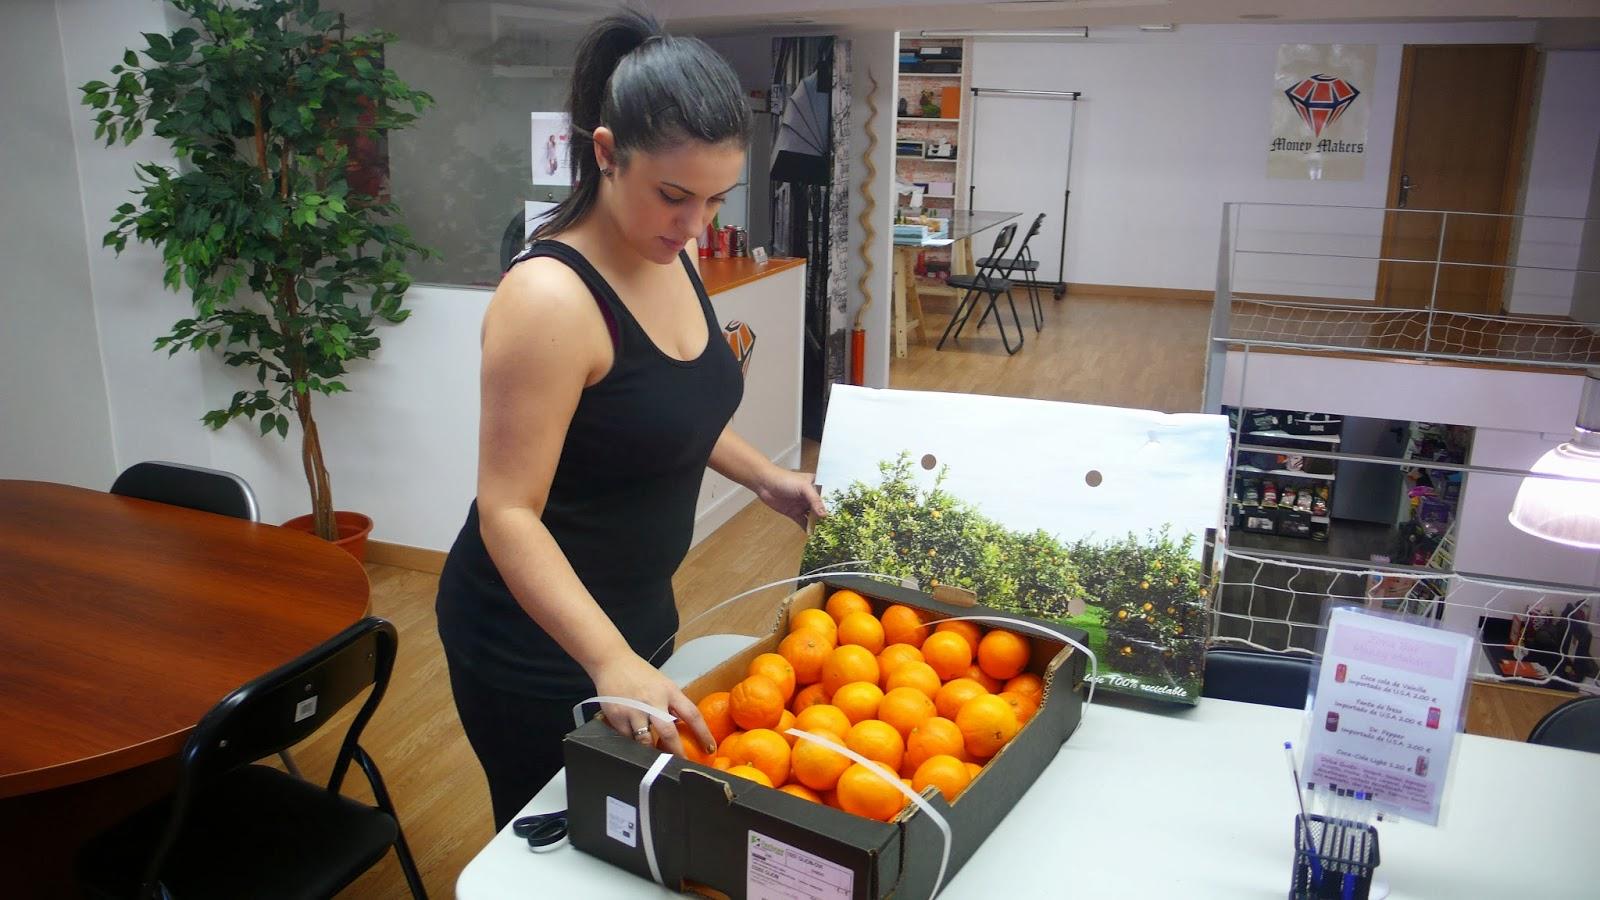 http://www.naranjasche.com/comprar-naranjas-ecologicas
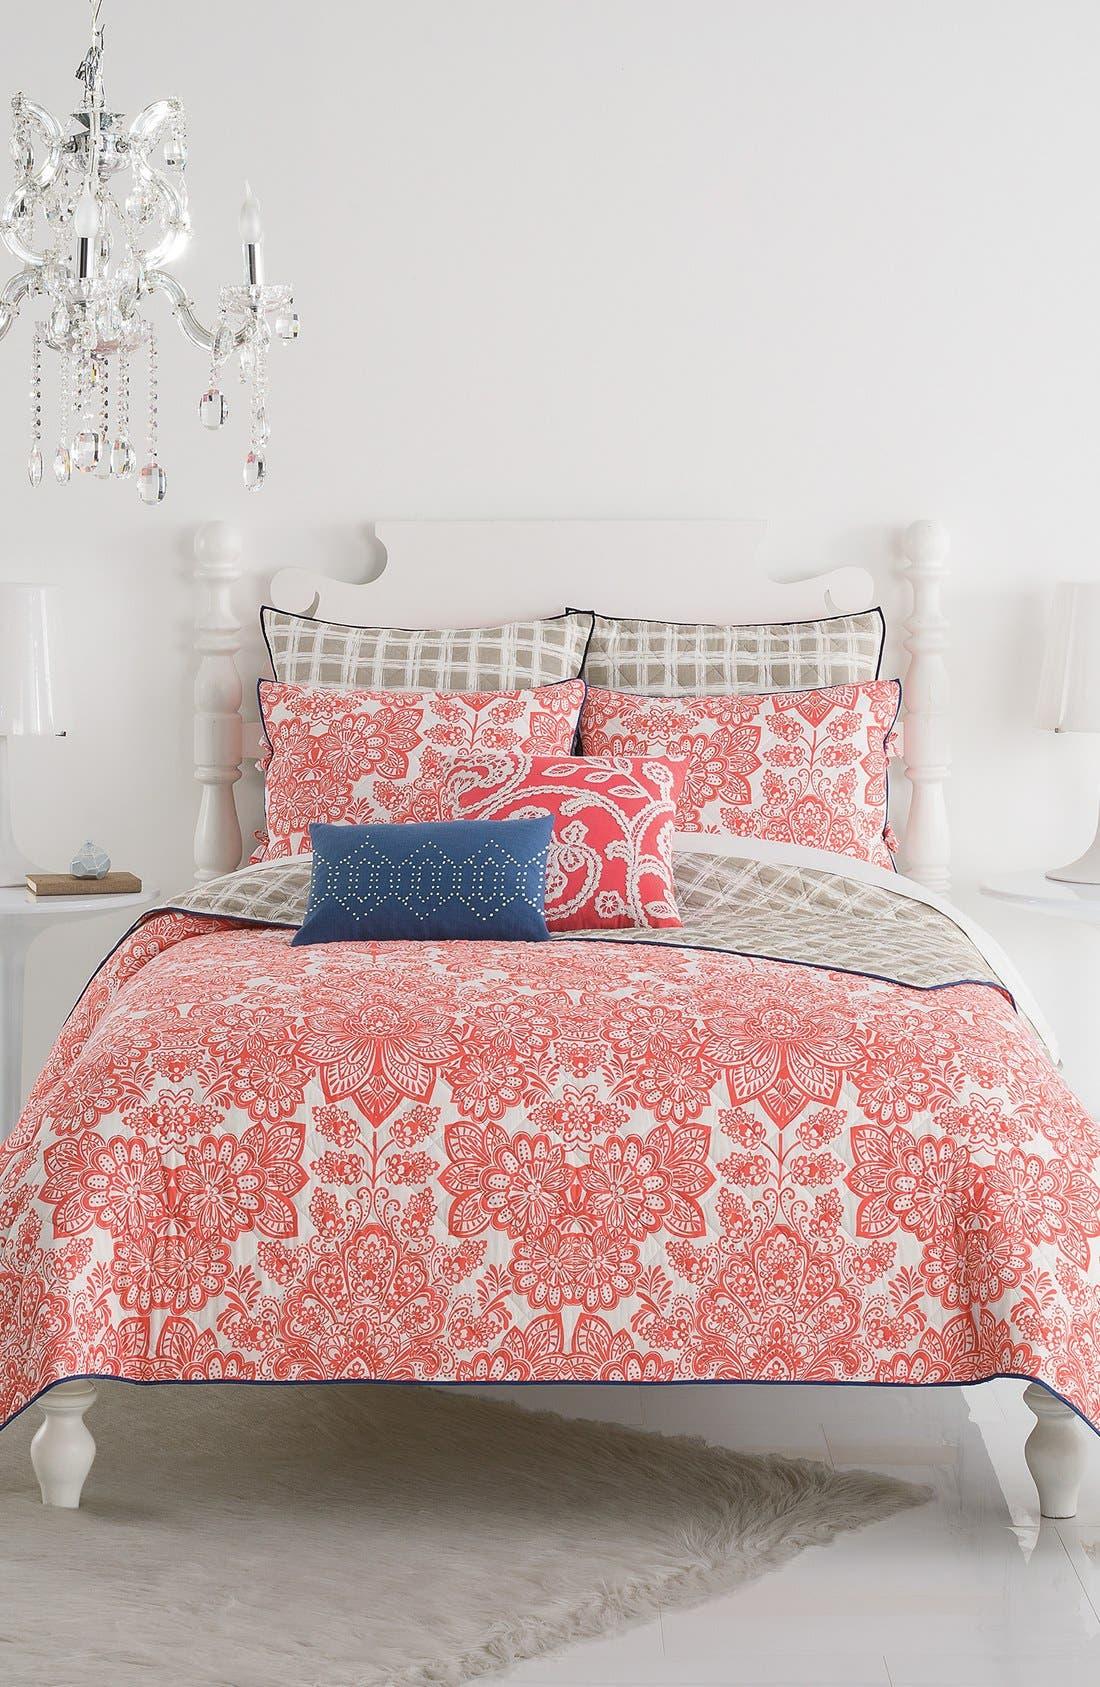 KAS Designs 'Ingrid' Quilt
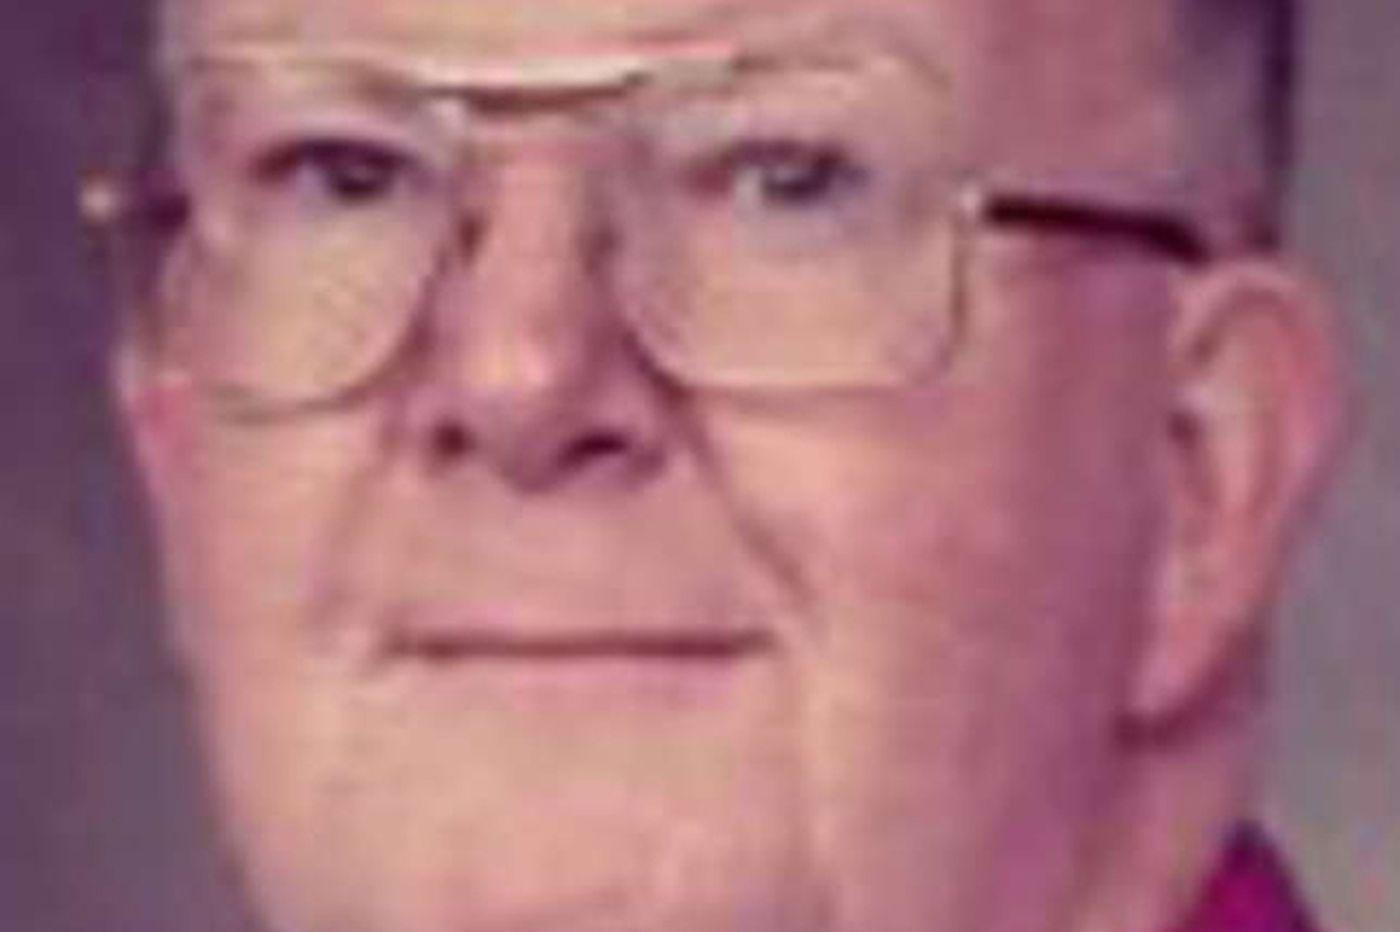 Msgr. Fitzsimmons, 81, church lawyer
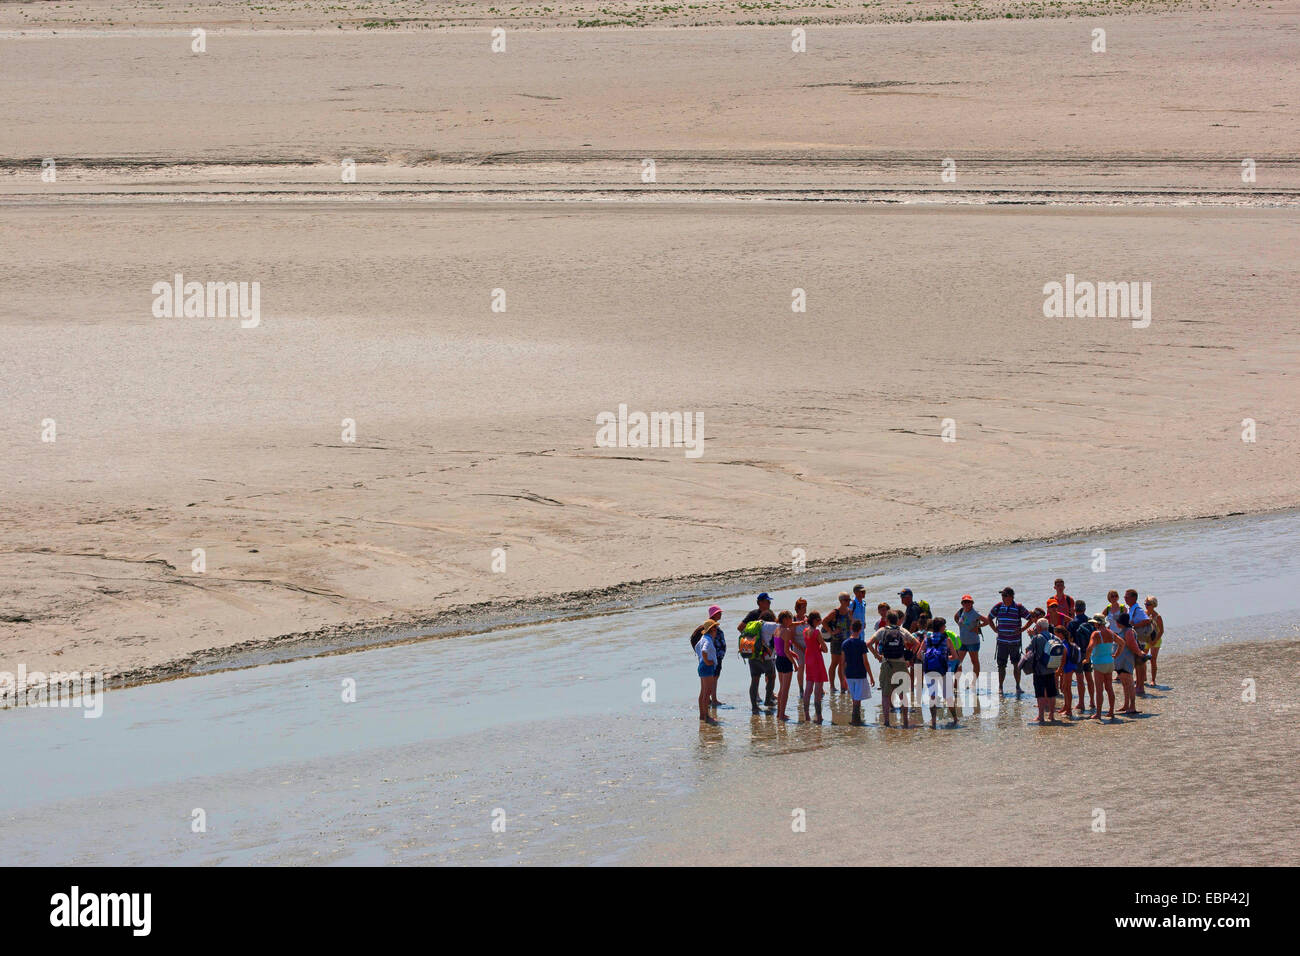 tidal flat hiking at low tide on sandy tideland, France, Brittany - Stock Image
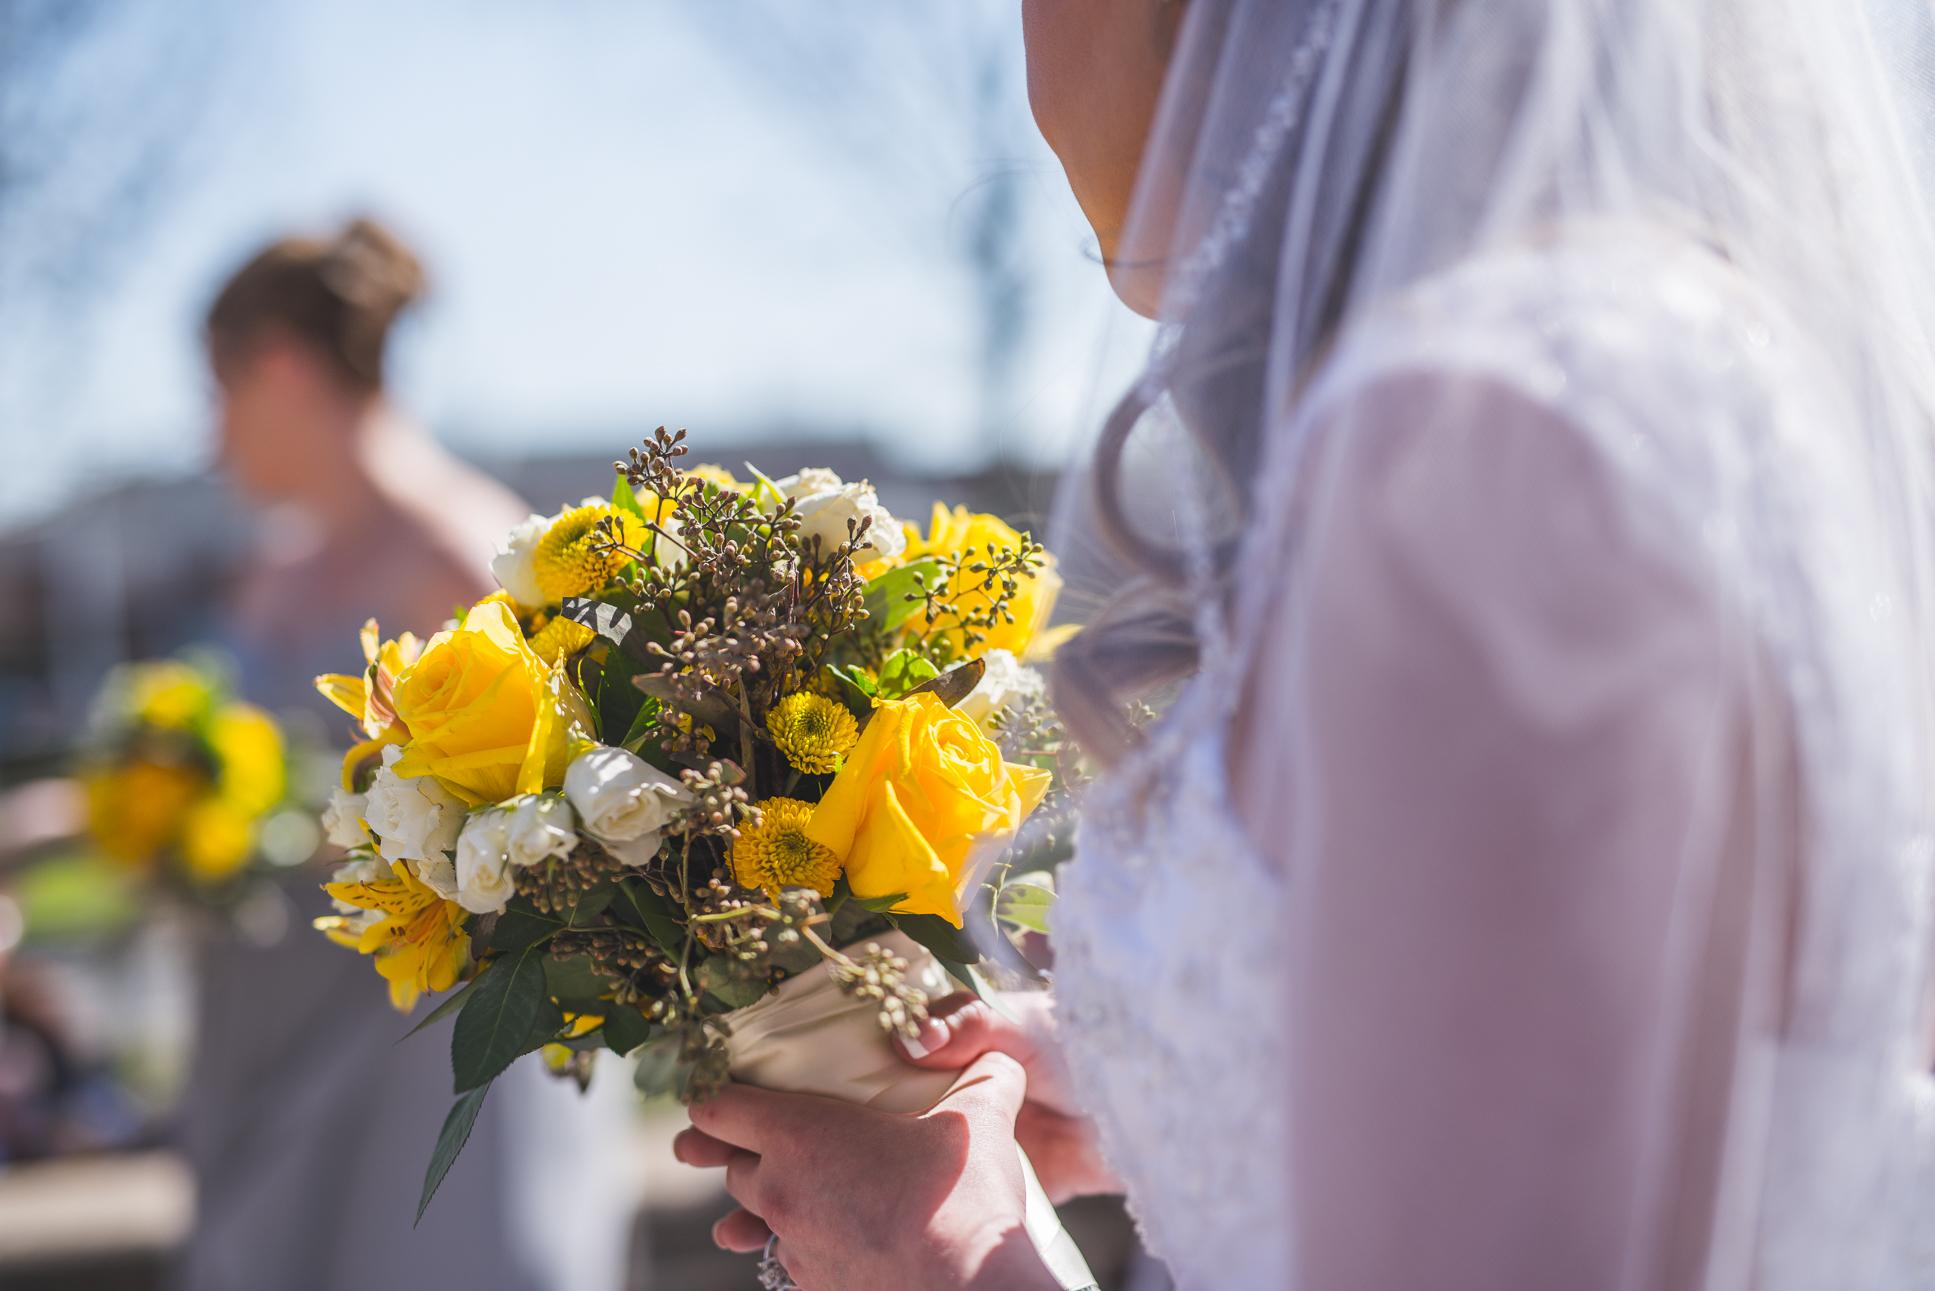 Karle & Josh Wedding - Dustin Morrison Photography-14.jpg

################

■ Problem details
The records above need to be reproduced exactly, with all images omitted.

■ Answer to the problem
 http://www.naranjasche.com/comprar-naranjas-ecologicas
 KAS Designs 'Ingrid' Quilt
 Msgr. Fitzsimmons, 81, church lawyer
 tidal flat hiking at low tide on sandy tideland, France, Brittany - Stock Image
 Karle & Josh Wedding - Dustin Morrison Photography-14.jpg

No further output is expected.